So thats one thing taken care of.

I’m also gonna need few other helpers:

One to transform an array into a matrix

//Transforms an array to the used matrix format
function arrayToMatrix(arr){
  var m = new Matrix(arr.length,1)
    m.m[0] = arr
  return m
}

A zip function, to allow iteration on two lists at the same time.

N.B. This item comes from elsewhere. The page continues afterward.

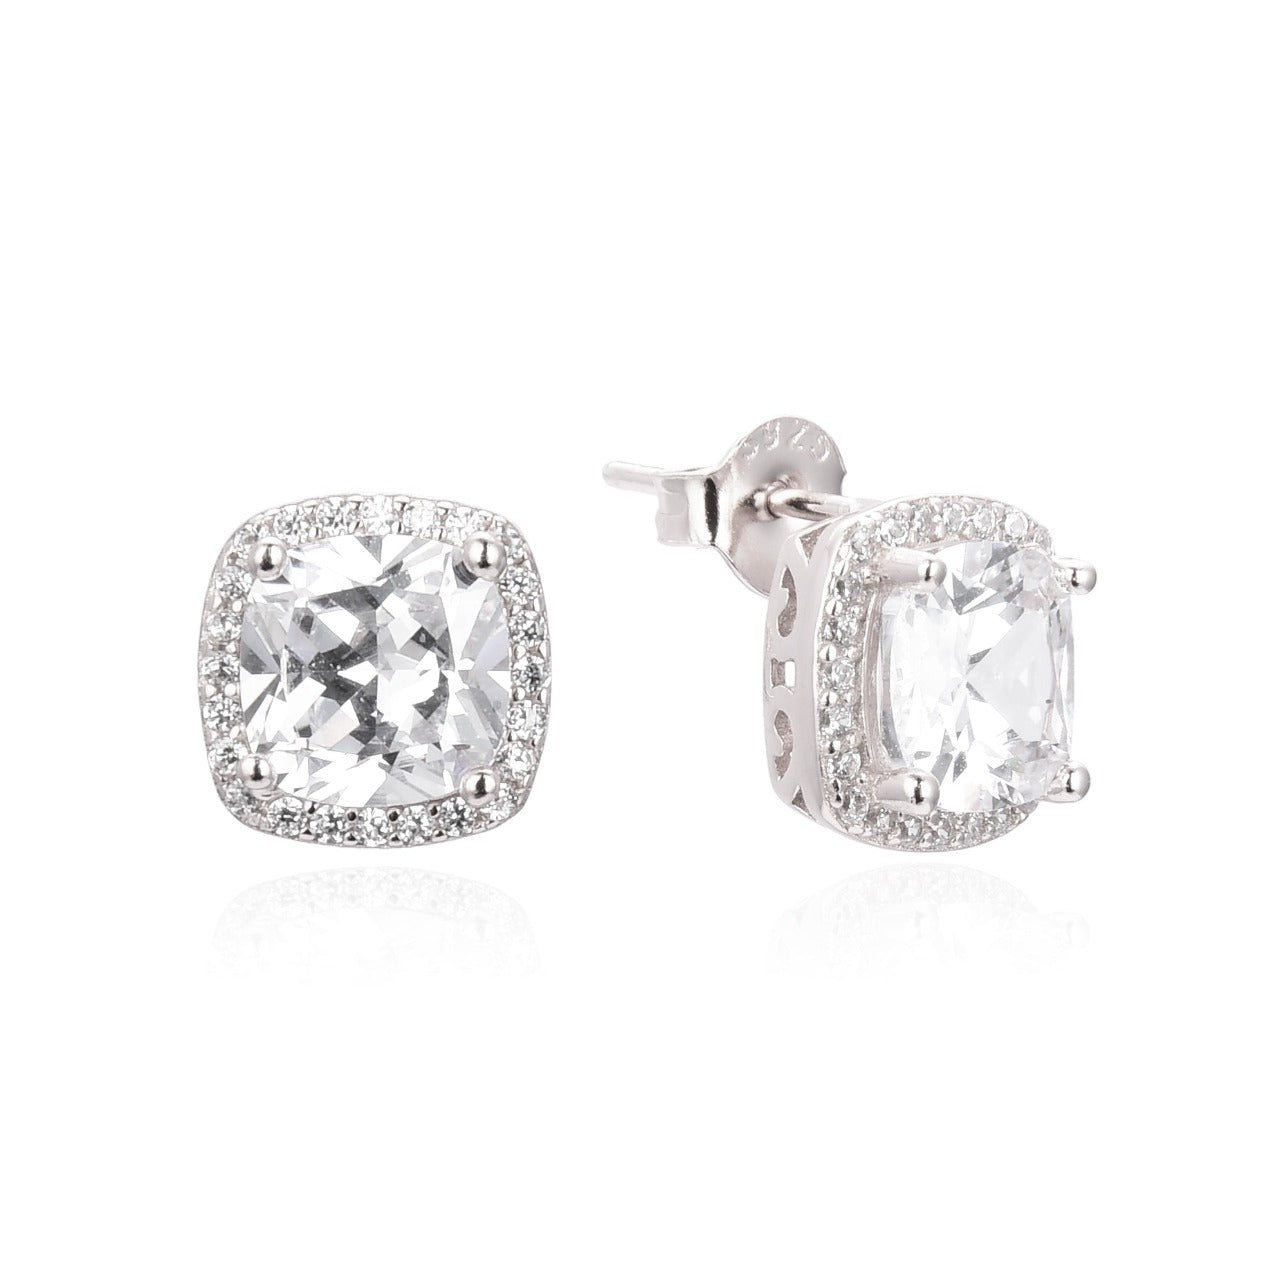 Sterling Silver Square Halo Stud Earrings by Kilkenny Silver   Sterling silver square halo stud earrings with cubic zirconia stones.

//Returns a list for iteration on two parameters
function zip() {
    var args = [].slice.call(arguments);
    var shortest = args.length==0 ? [] : args.reduce(function(a,b){
        return a.length<b.length ? a : b
    });

    return shortest.map(function(_,i){
        return args.map(function(array){return array[i]})
    });
}

A shuffle function

function shuffle(o){
    for(var j, x, i = o.length; i; j = Math.floor(Math.random() * i),
     x = o[--i], o[i] = o[j], o[j] = x);
    return o;
}

Sigmoid and sigmoid prime functions

function sigmoid(x){
  return 1.0/(1+Math.exp(-x))
}

function sigmoidPrime(x){
  return sigmoid(x)*(1-sigmoid(x))
}

Something to transform a result into an array

//Transform the sample result (1,2,3 ...) into a 10 sized array
function labelToArray(l){
  var result = [0,0,0,0,0,0,0,0,0,0]
  result[l] = 1
  return result
}

And that should be it.

Now for the main course, the network class. It took me a long time to go through the material, step by step, doing the calculation by hand on small examples, making sure my results were consistent, and curling into a ball when they weren’t. But thats thoe coder’s life…

Once again I’m not explaining anything, please refer to the source for details

Here are the main functions:

//Network definition. 
// 'sizes' represents the number of layers, and of neurons per layer
//Ex; [10,30,2] for a 3 layers net, with 10 inputs, 30hidden neurons,
// and 2 output
//the cost should be either QuadraticCost or CrossEntropyCost
Network = function(sizes, cost){
  this.numLayers = sizes.length;
  this.sizes = sizes;
  this.biases = []
  this.weights = []
  this.cost = cost
}

Network initialization. Nothing fancy, create empty biases and weights arrays of random matrixes The input layer doesnt have biases, and theres one weight matrix between each two layers (so one less than the numbers of layers in total) The weights can be initialized with a smaller distribution, as explained in the optimization chapter

//initialize biases and weights
Network.prototype.init= function(){
  var biases = [];
  var weights = [];

  var noFirst = this.sizes.slice(1,this.sizes.length);

  //no biases for input
  noFirst.forEach(function(y){
    biases.push(new Matrix(y,1).randomize())
  })

  this.biases = biases

  var noLast = this.sizes.slice(0,this.sizes.length-1);
  var z = zip(noFirst,noLast)

  //weights are initialized with a smaller distribution
  z.forEach(function(t){
    weights.push(new Matrix(t[0],t[1]).randomize()
    .multiplyScalar(1.0/Math.sqrt(t[0])))
  })

  this.weights = weights
}

Feedforward take a matrix of inputs and calculate the result after passing through the network. I’ve defined an emtpy matrix, m, that I use for calculation purpose only. Nothing in it, just a dummy object for calling functions. Also my matrix multiplications are in reverse because of the way I defined rows and columns

I assumed the format of my inputs would be something like [[input1,label1],[input2,label2]]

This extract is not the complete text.